# [What is needed]
An exact copy of each line below is needed, with no images in it.

# [Data shown]

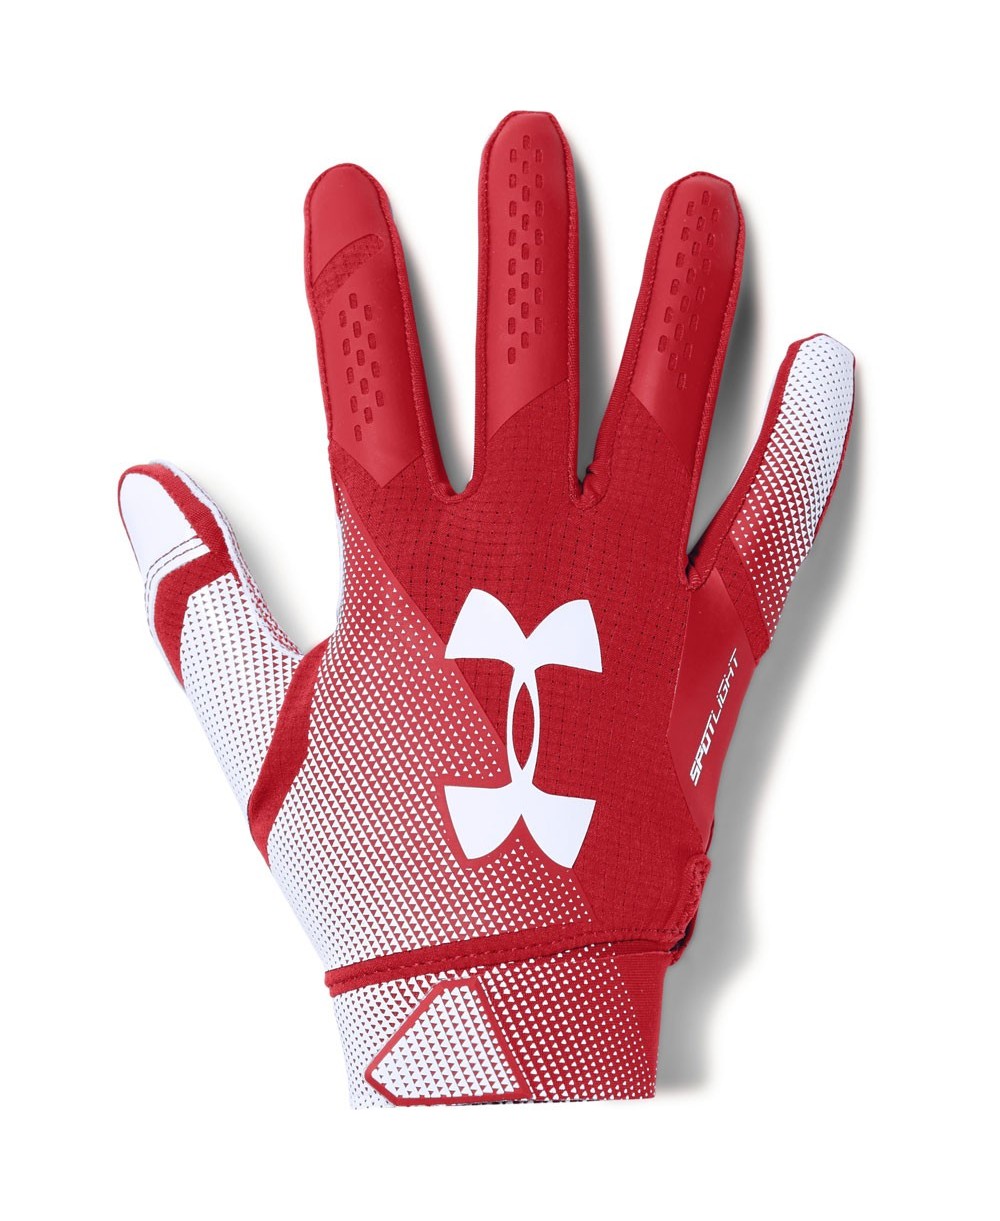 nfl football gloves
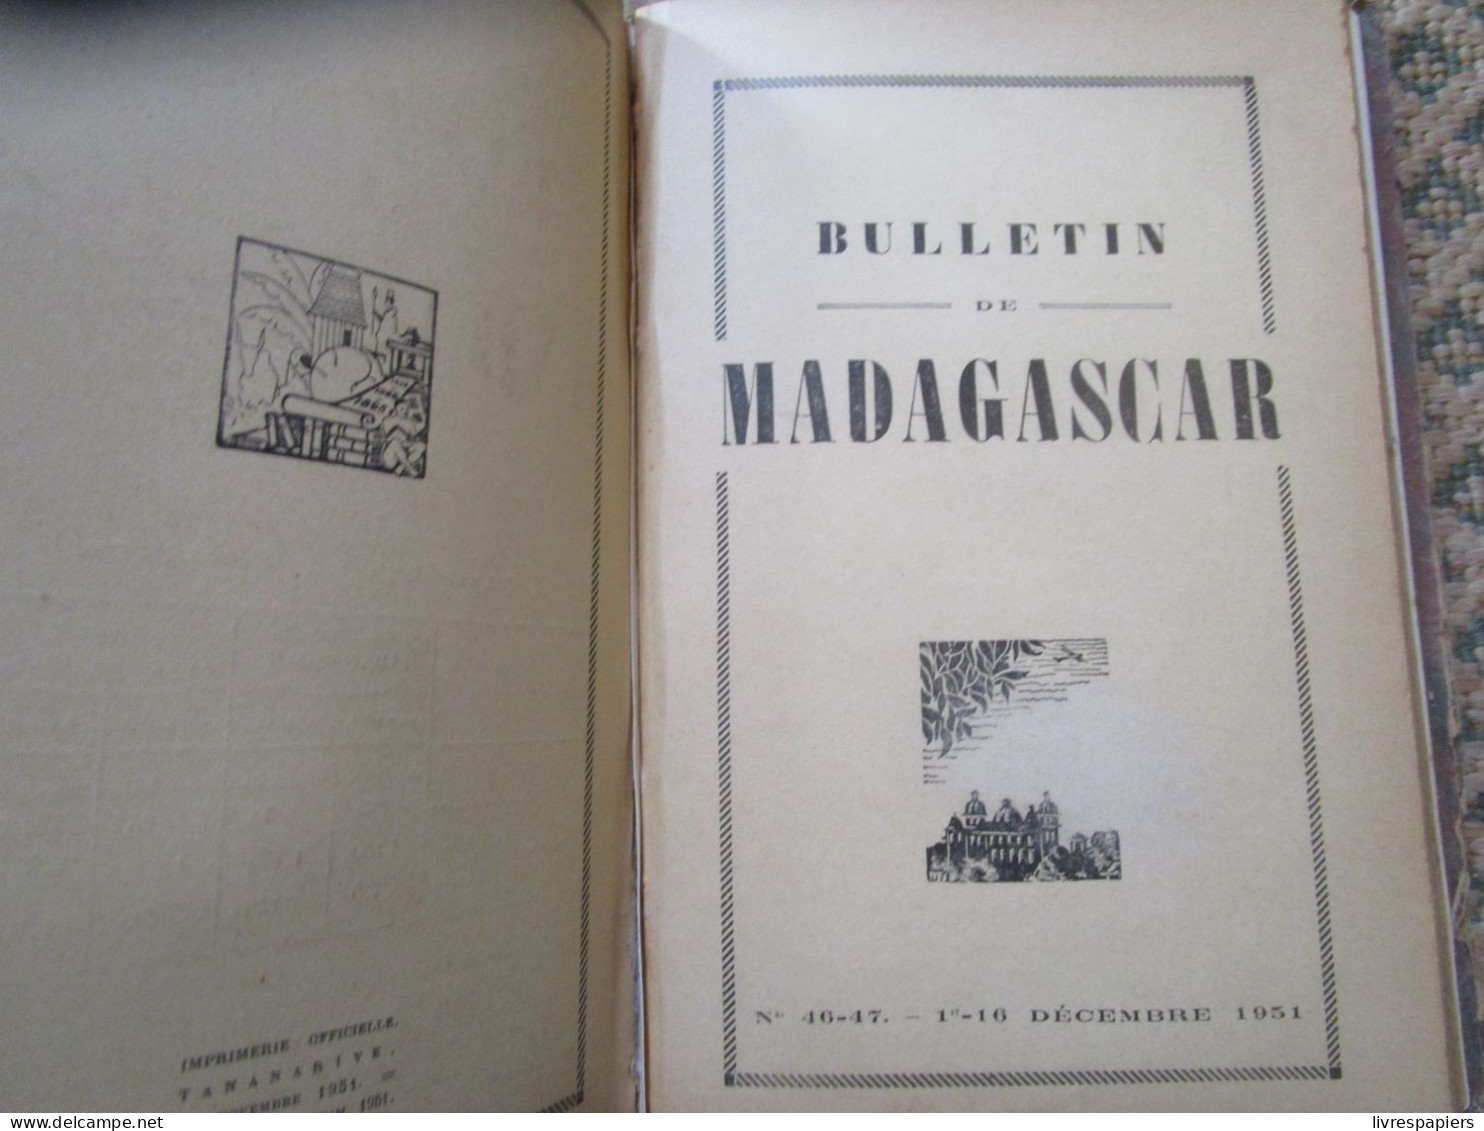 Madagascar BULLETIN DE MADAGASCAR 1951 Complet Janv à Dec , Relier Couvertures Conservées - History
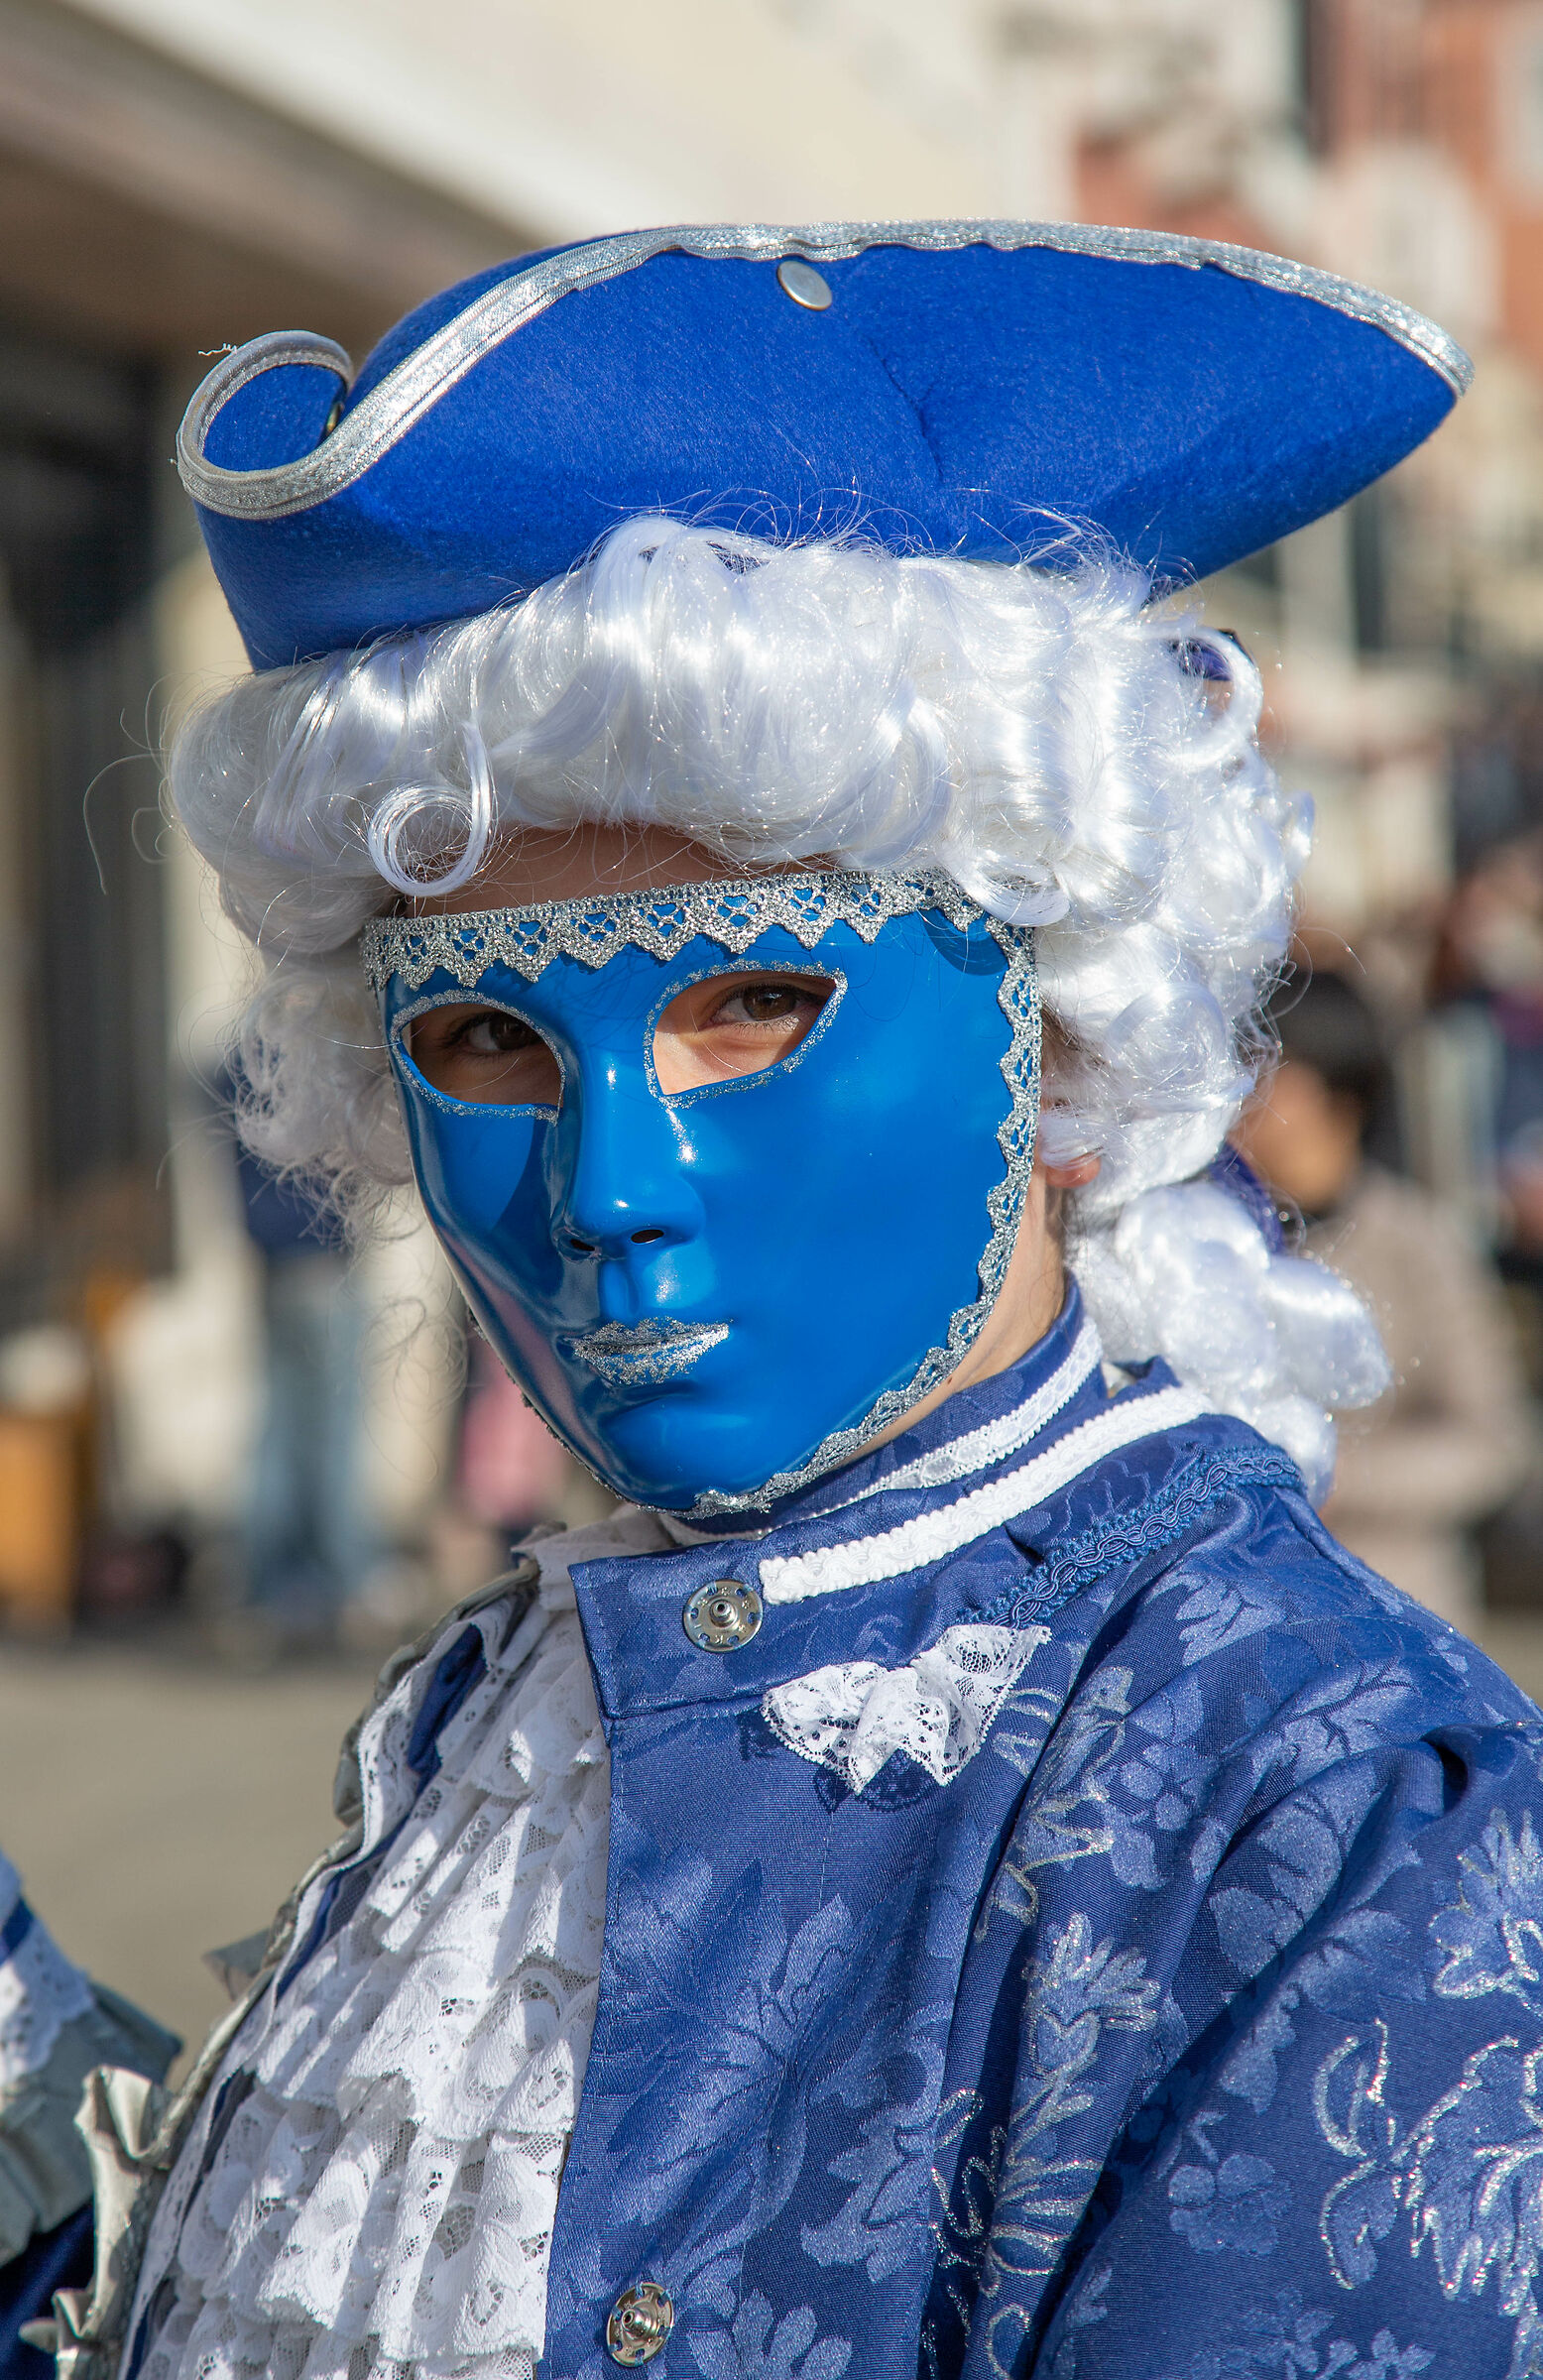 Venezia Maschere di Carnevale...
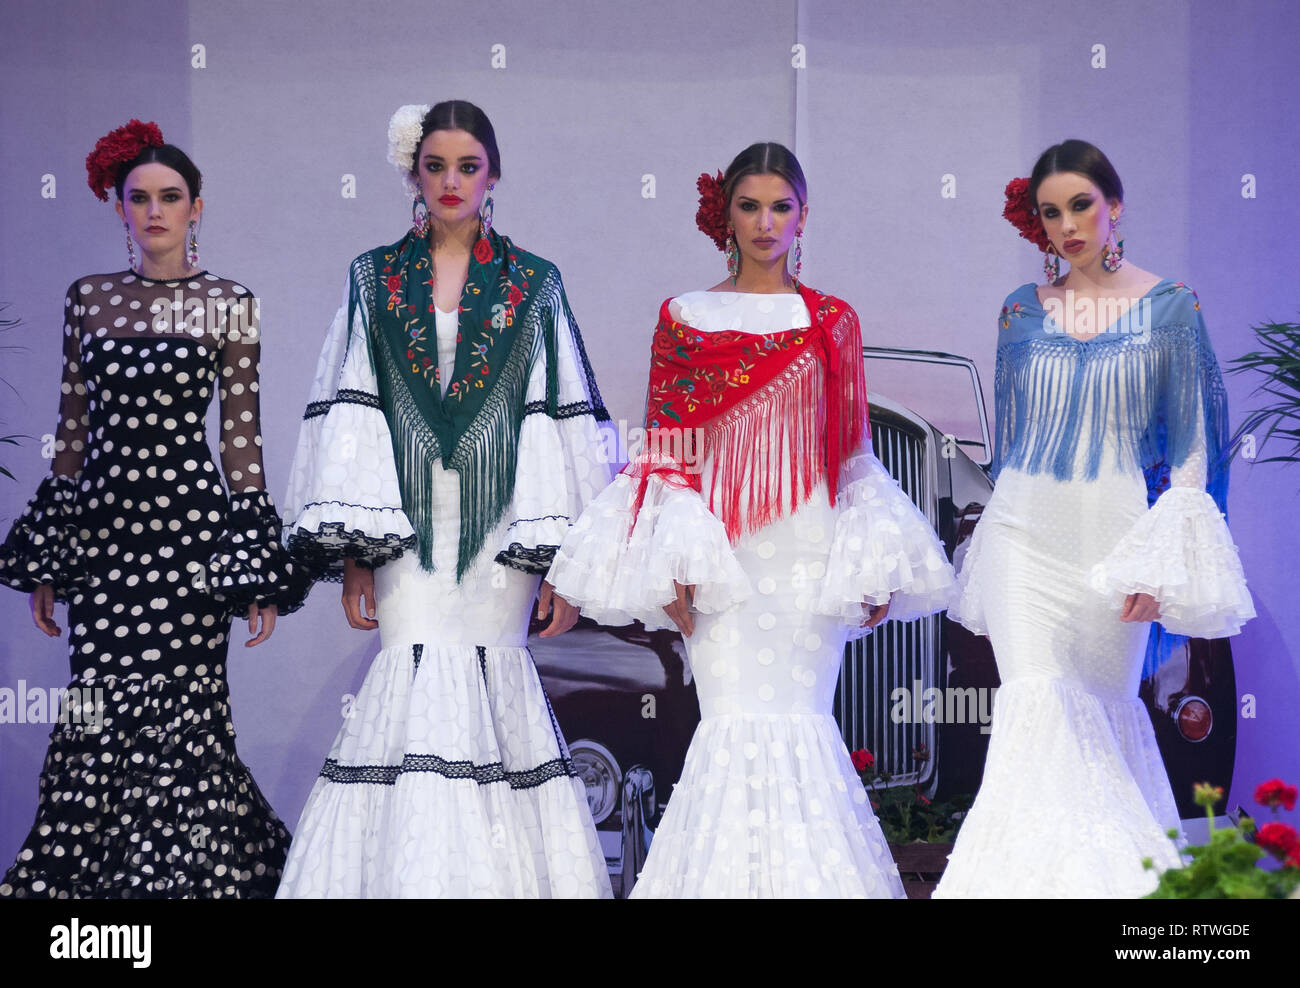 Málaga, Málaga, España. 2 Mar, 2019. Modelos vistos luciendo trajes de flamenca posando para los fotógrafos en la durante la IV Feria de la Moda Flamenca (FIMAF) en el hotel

# [Exercise answer]
 nfl football gloves
 Madagascar BULLETIN DE MADAGASCAR 1951 Complet Janv à Dec , Relier Couvertures Conservées - History
 Venezia Maschere di Carnevale...
 Málaga, Málaga, España. 2 Mar, 2019. Modelos vistos luciendo trajes de flamenca posando para los fotógrafos en la durante la IV Feria de la Moda Flamenca (FIMAF) en el hotel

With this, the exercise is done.